Gitflow for parallel development by multiple software vendors and one external repository

7 January 2019, Michał Herman

It’s quite simple to configure git for your development team. There are some good tutorials which  show you step by step how to implement gitflow best practices in your company. But what if you are managing source code in your own repository and have to push it to customer repository?  It’s still quite simple just add one more step to your gitflow. But what if customer repository could be changed by other teams (customers developers or other software vendors). One of our project team was struggling with this problem and worked out interesting solution.

In most of our team projects so far we’ve been the only software provider. We worked on our own repositories using quite a few different flows, trying to apply the best one to each case. During one of our latest projects, we had to provide the source code of our application to our client’s repository, however, we did not want to share our whole git history as we did not find it necessary. That is why we only moved the code between repositories after each release. The gitflow we used at that moment is presented on the first of below pictures. We used “Master” branch for our development and “Release” branch for versioning releases for testing and eventually for production. The colorful branches are obviously features and bugfixes, while the arrows explain how the code moved between branches and repositories during releases. Since our and our client’s repositories had no common root, merging the branches was out of the question and we had to use mechanisms like git format-patch or git cherry-pick to move the code.

Here’s an example how it worked from the start of the development to the production release:

  1. Developer starts working on a bugfix/feature and creates a branch on master branch (red branch in the picture)
  2. Developer commits his changes and then creates a merge (pull) request
  3. Another developer or technical project leader reviews the code and eventually merges it into master
  4. Master branch is merged into release branch and a release version is created (blue arrow)
  5. At the same time the code is moved to client’s repository

This approach worked fine as long as the project had only one test environment and our team was the only software provider. However, when another teams appeared in the project and started working on our client’s repository things got a bit more complicated. The biggest problem was that we updated the above mentioned repository only during releases, which meant that the other software company often worked on outdated code (purple branch on the image above), which led to plenty of conflicts while merging their code with ours. Since there was no common root in the repositories, using the tools mentioned before such as git-patches and cherrypicks was also quite bothersome. In the end the developer preparing a release with the other company’s changes spent a lot of time on git operations – enough for us to change the approach.

We decided to change our client’s repository by having three branches in it – one for developing changes (called “Develop” – the equivalent of our old master), one for production release candidates which were tested on the newly created pre-production environment and the last one containing production code (master). Next we simply pushed those three branches onto our repository and started working on them, more or less the same way as we did before. The biggest difference was that both we and our client were working on the same main branch (it’s up to developers to keep their branches up to date with the develop branch). The branches were almost always in sync between repositories (we simply pushed to two remotes during feature or bugfix branch merges and also, since we only pushed commits that were a result of a merge onto our clients repository, the full git history of our changes was on our side). Hotfixes were created directly on Master branch and then merged into develop branch to keep everything up to date.

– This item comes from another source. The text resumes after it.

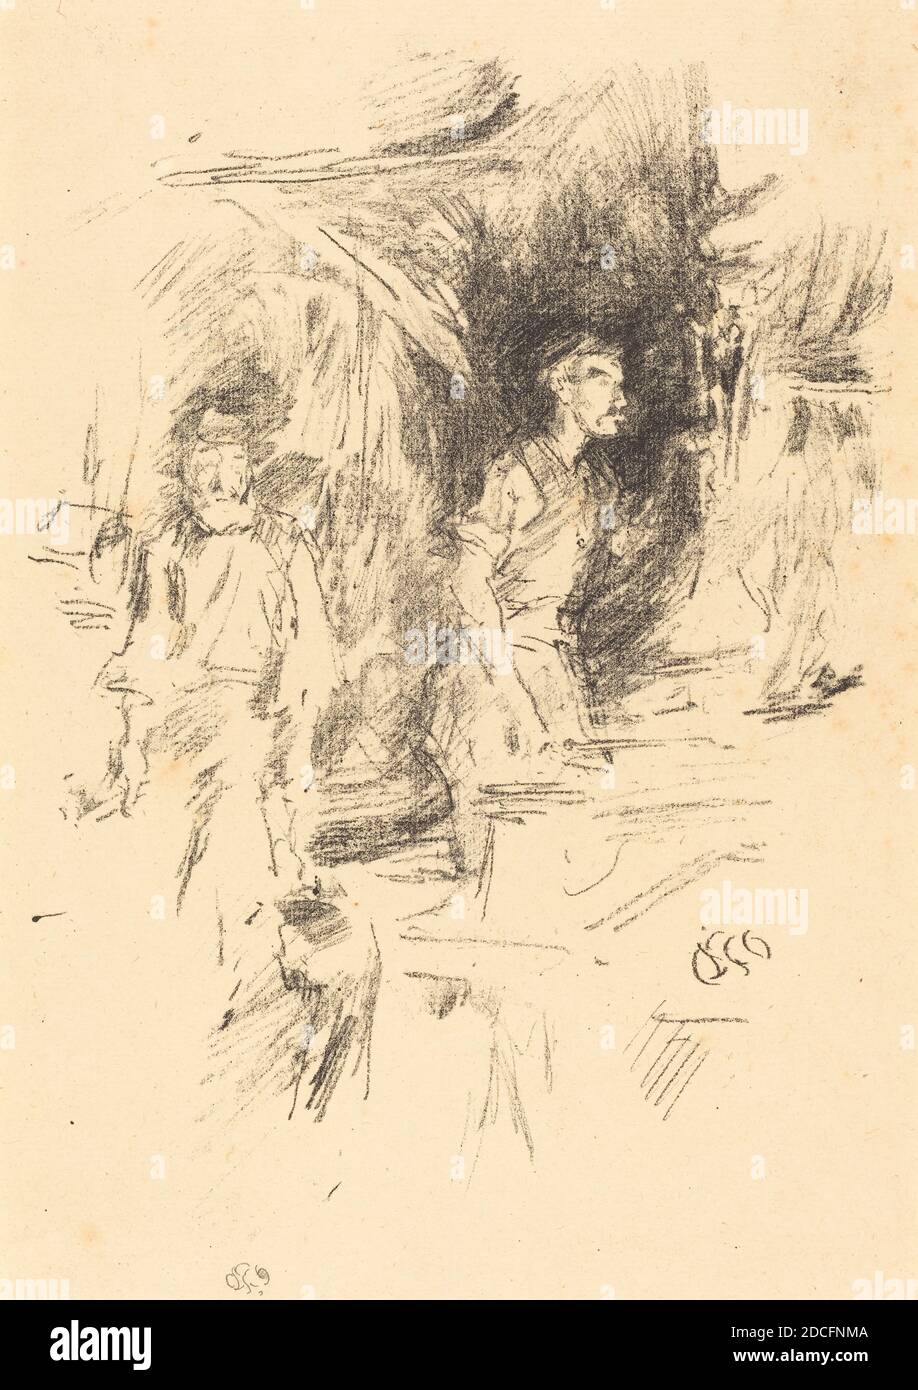 James McNeill Whistler, (Künstler), Amerikaner, 1834 - 1903, The Old Smith's Story, 1895, Lithographie in schwarz auf gedeckten Papier, Bild: 20.5 × 15.3 cm (8 1/16 × 6 in.), Blatt: 27.8 × 18.3 cm (10 15/16 × 7 3/16 in Stockfoto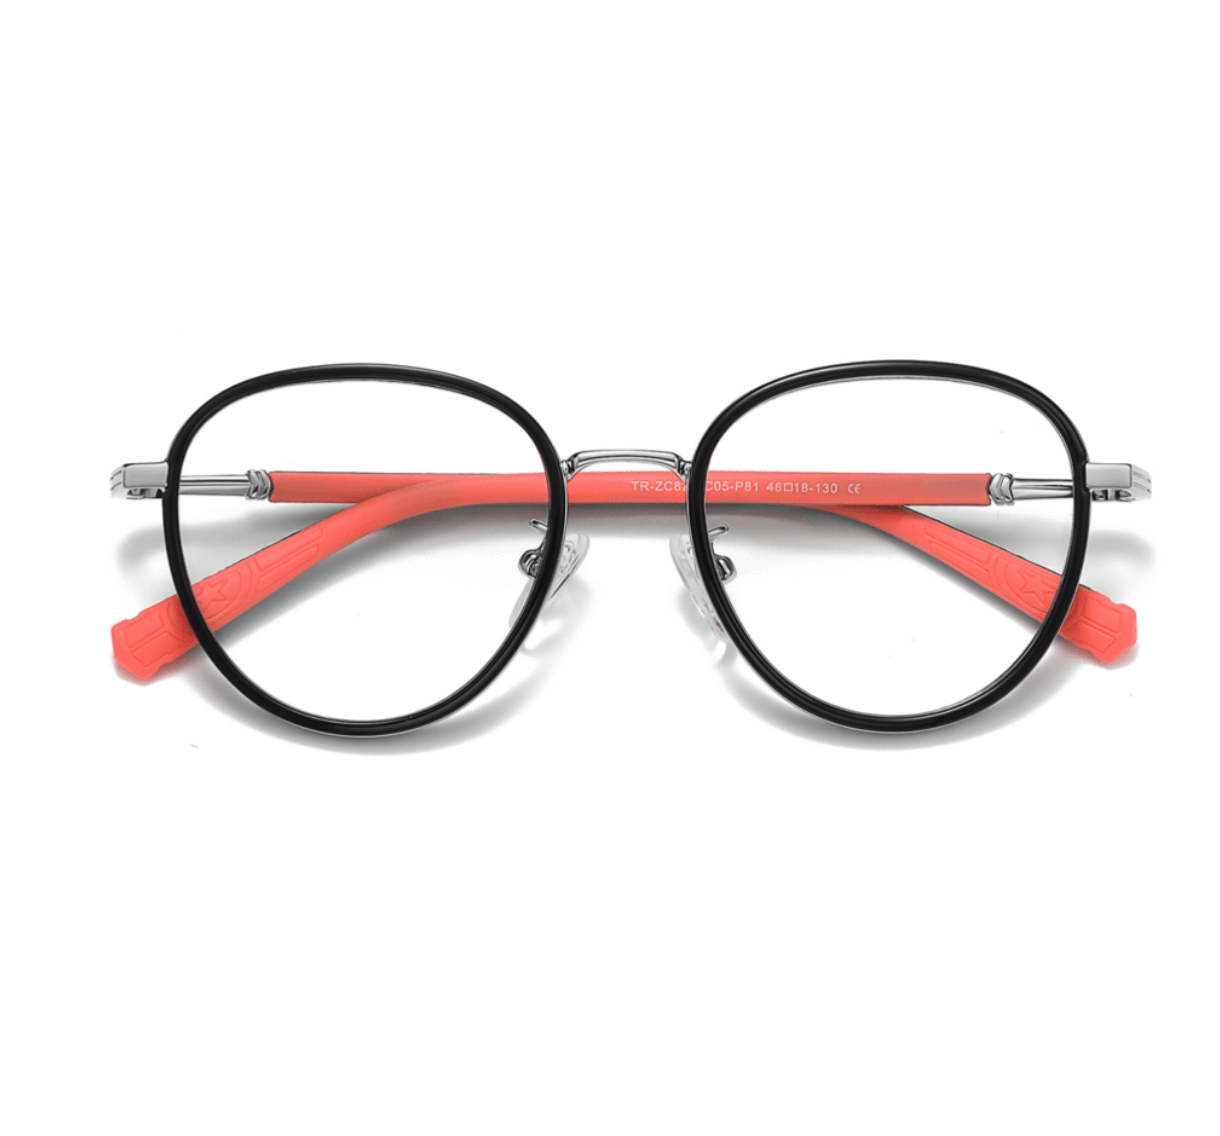 METAL glasses frames for girls, glasses frames manufacturer

Let’s take a look at the example, from start of the development to the production release:

  1. Developer starts working on a feature or bugfix and creates a branch on develop branch
  2. After finishing coding, developer rebases his branch on top of develop branch to catch up with changes made in between either by us or the other company (as long as there are no conflicts this can be skipped, however, when they do appear it’s easier for a person who created the code to solve them than the person who will be preparing a release).
  3. Developer commits his code and creates a pull/merge request
  4. Another team member does code review, eventually merging the feature branch into develop
  5. The person merging the branch pushes develop branch onto our client’s repository so that the other company keeps up to date
  6. Develop branch is merged into RC branch and a release candidate version is created
  7. After testing on pre-production environment, the very same package as release candidate is put on production as a release – RC branch is then merged into Master branch

The solution we came up with seems a lot more flexible and easy to use – the time to create a release was reduced significantly as we used simple git merges to create them. As a result there are fewer conflicts to handle as both software providers are working on more or less the same branch. So far it has been working flawlessly for us.